WakeGOV.com - 85848  

I live in NC and I emailed Neuse River Golden Retriever Rescue.....


----------



## robinsegg26 (Nov 14, 2006)

k9rider said:


> ugh, i just looked and there's a 3yr old Golden there too...
> 
> WakeGOV.com - 85848
> 
> I live in NC and I emailed Neuse River Golden Retriever Rescue.....

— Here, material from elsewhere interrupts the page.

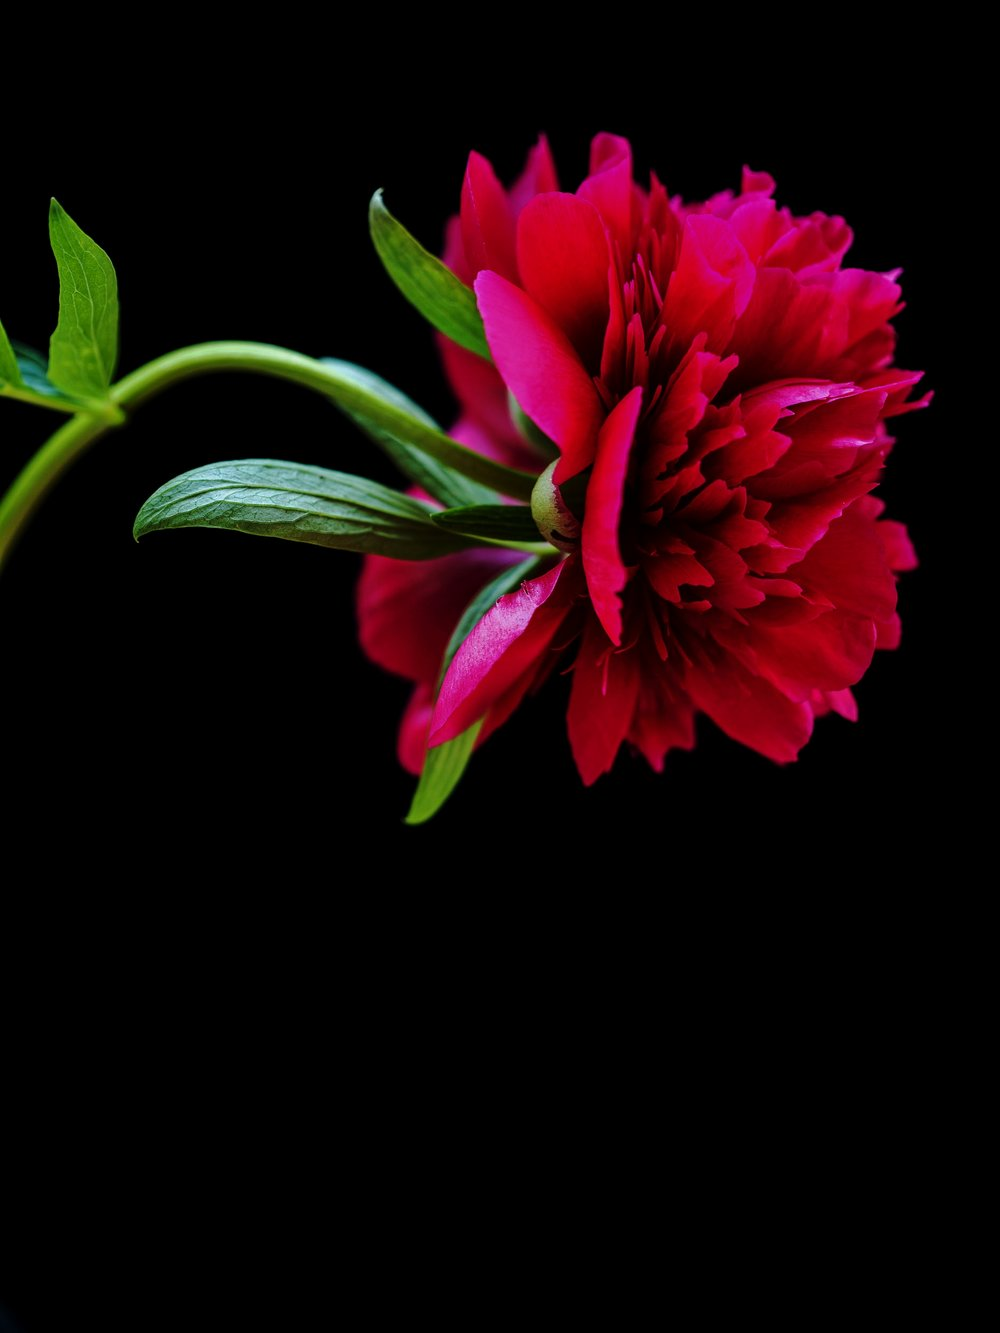 www.iaincrockart.com_flora-006901.jpg

Yeah i saw him too.. I emailed 
Neuse River  
Cape Fear
Triad golden rescue
Foothills Golden
and Copied Mary (Midlands Golden Rescue)

cute boy that they shaved down


----------



## k9rider (Dec 13, 2006)

robinsegg26 said:


> Yeah i saw him too.. I emailed
> Neuse River
> Cape Fear
> Triad golden rescue
> ...


ok, great. does anyone know if the shelter is answering their phones today??


----------



## robinsegg26 (Nov 14, 2006)

Yep. they are just busy.. i called a bit ago and hes still there. was picked up as a stray (this is the golden not the lab btw.. since we are posting on Karens post about the lab...  sorry!!)


----------



## Karen519 (Aug 21, 2006)

*Golden Ret. 3 yrs. old..*

No need to apologize.

I am so glad you found Cooker, Poor Skinny, 3 yr. Old Golden Retriever, is there, too, and 
e-mailed rescues!

Copper, 8 mo. old Ylw. Lab and Cooker, is the 3 yr. old Golden Ret. -they both need saving.

I know a girl on Petfinder, Coberoni, that is a volunteer at this shelter.
If you need anything, e-mail me and remind me what you're e-mailing about and I will make sure she gets the msg., or you can private msg. her:

Petfinder.com forums :: Log in [ ]


----------



## k9rider (Dec 13, 2006)

my contact at Neuse River is on it....fingers crossed that something works out for Cooker!


----------